Dude Tries To Steal PBR Cans, Claims The Bulge In His Pants Is Just His Giant Dick
Huff Po - Jonathan Scull, 26, allegedly tried to steal two cans of beer from a liquor store by shoving them in his pants, then told an employee that the cans were his penis, Wicked Local Somerville reported. The Medford, Mass., man went into Woody’s Liquors on the evening of Feb. 26, when the female employee, whose name has not been released, says she saw him drop the cans in his trousers and walk out. She told police she followed him out of the store and asked what the bulge around his ankle was, and he replied, “It’s my [genitals].” According to the paper, “The woman said she pointed out that the bulge around his ankle was clearly not his genitals” and he proceeded to chuck the can at her head and run away. She called police, who say when they caught up to Scull, he swore and yelled at them, claiming that if they didn’t have badges, he would have killed them. According to Somerville Police Department logs, Scull was charged with assault and battery with a dangerous weapon, resisting arrest and shoplifting.
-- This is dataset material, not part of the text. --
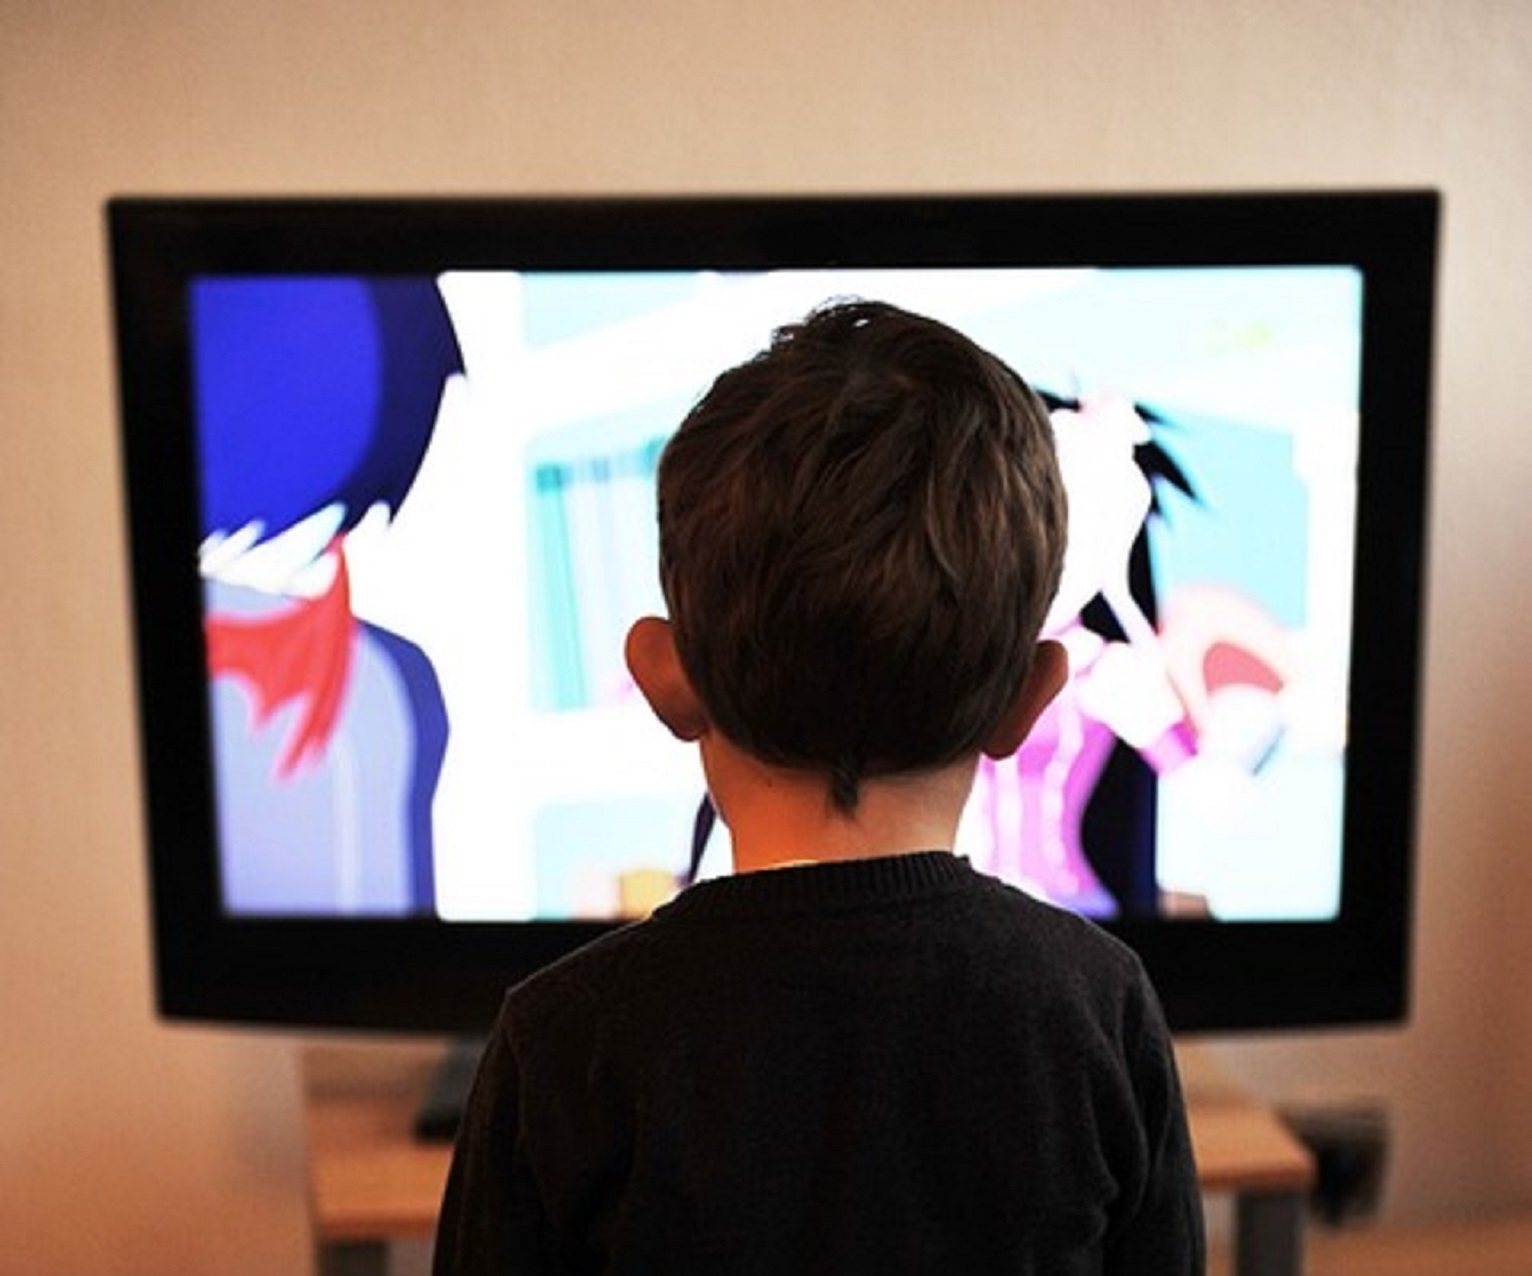 Child in front of the tv

I’ve heard of some cocky excuses in my life, but claiming a bulge in your ankle is your dick is just about as cocky as it gets. Right up there with the other recent dick/pants excuses of “my pants are too small” and “I’ve got a hole in my pants.” Should have just stuck with the lie. My dick hangs down to my feet. You don’t know me or my dick. Maybe its the length of my whole leg. Now go back into that 7/11 and let me and my howtizer drive away before I throw these PBRs at your fucking head.
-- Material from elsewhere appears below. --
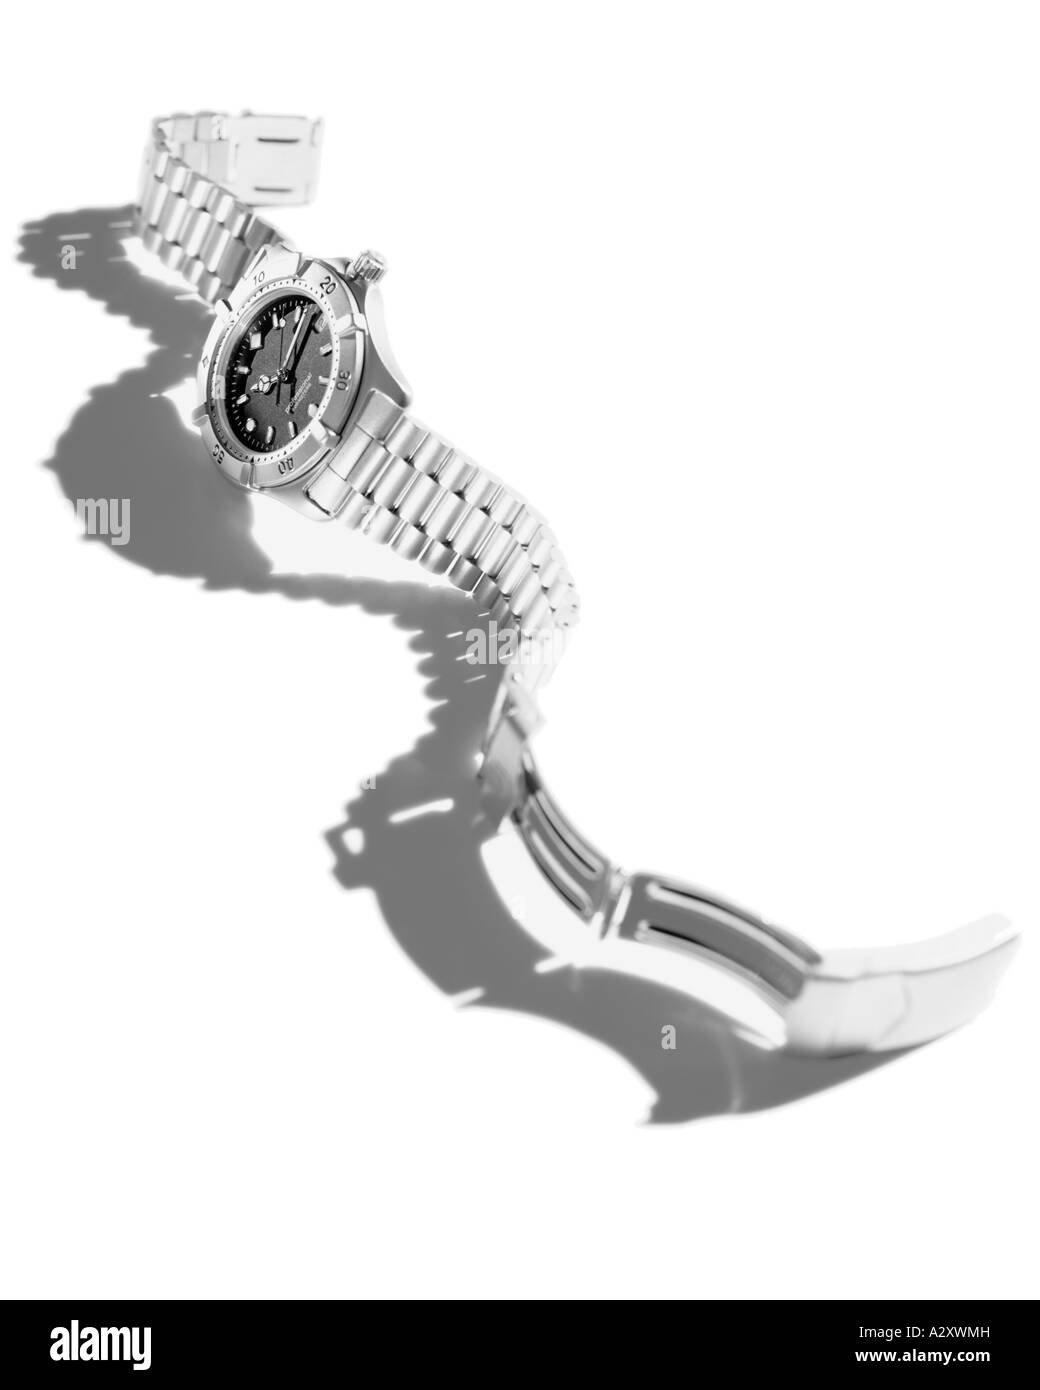 Stainless still silver watch laying on surface with band unclasped Stock Photo

PS – If you’re gonna go through the hassle of stealing beer, at least go with Colt 45. Go all in, you know? Malt liquor and robbery go together like a horse and carriage


PBR is like 45 cents per can. Stealing it isn’t worth the trouble.
Definitely not his junk – He stole PBR – and everyone know Hipsters don’t have dicks.
“I’m white trash and I’m in trouble”
fact–karl malone used to strap his anaconda to his leg during games
cant tell if hes a hipster or a poor person,
i need a blowjob asap
hurricane or die
One would think a liquor store with a name like Woody’s would be a little more understanding
PBR’S AND GIANT DICKS FOR DAYSSSSSSSSSSSSSSSSSSSSSSSSSSSSSSSSSSSSSS
who in their right mind would drink that shit?
There aren’t any Meffa hipsters. He was stealing them for the guy writing street poetry on Huntington Ave.
hipsters.
Stealing PBR’s in Somerville, then threatening to kill the cops? This dude is a gold medal candidate in the Masshole Olympics.
im tough stick to your micro brews you fag
Colt 45? who wrote this Mo?
keep it classy medfid
Too bad for him and this story that the bulge wasnt his johnson, throwing things at this bitches face would have ended very differently
If you need to steal cans of PBR it’s time to take a good hard look at your life choices.
Throws the can at her heard… classic
What the fuck kinda jabroni goes into a liquor store and steals PBRs? If you’re gonna swipe something, go for the hard stuff. Kinda like a counterfeiter who only makes phony $1 bills.
do you do that with tootsie rolls?
If he were black he would have gotten away with it.
When I was younger, I could make my penis go inside me, wow that was embarrassing. Wait, I think I can still do that. Shit.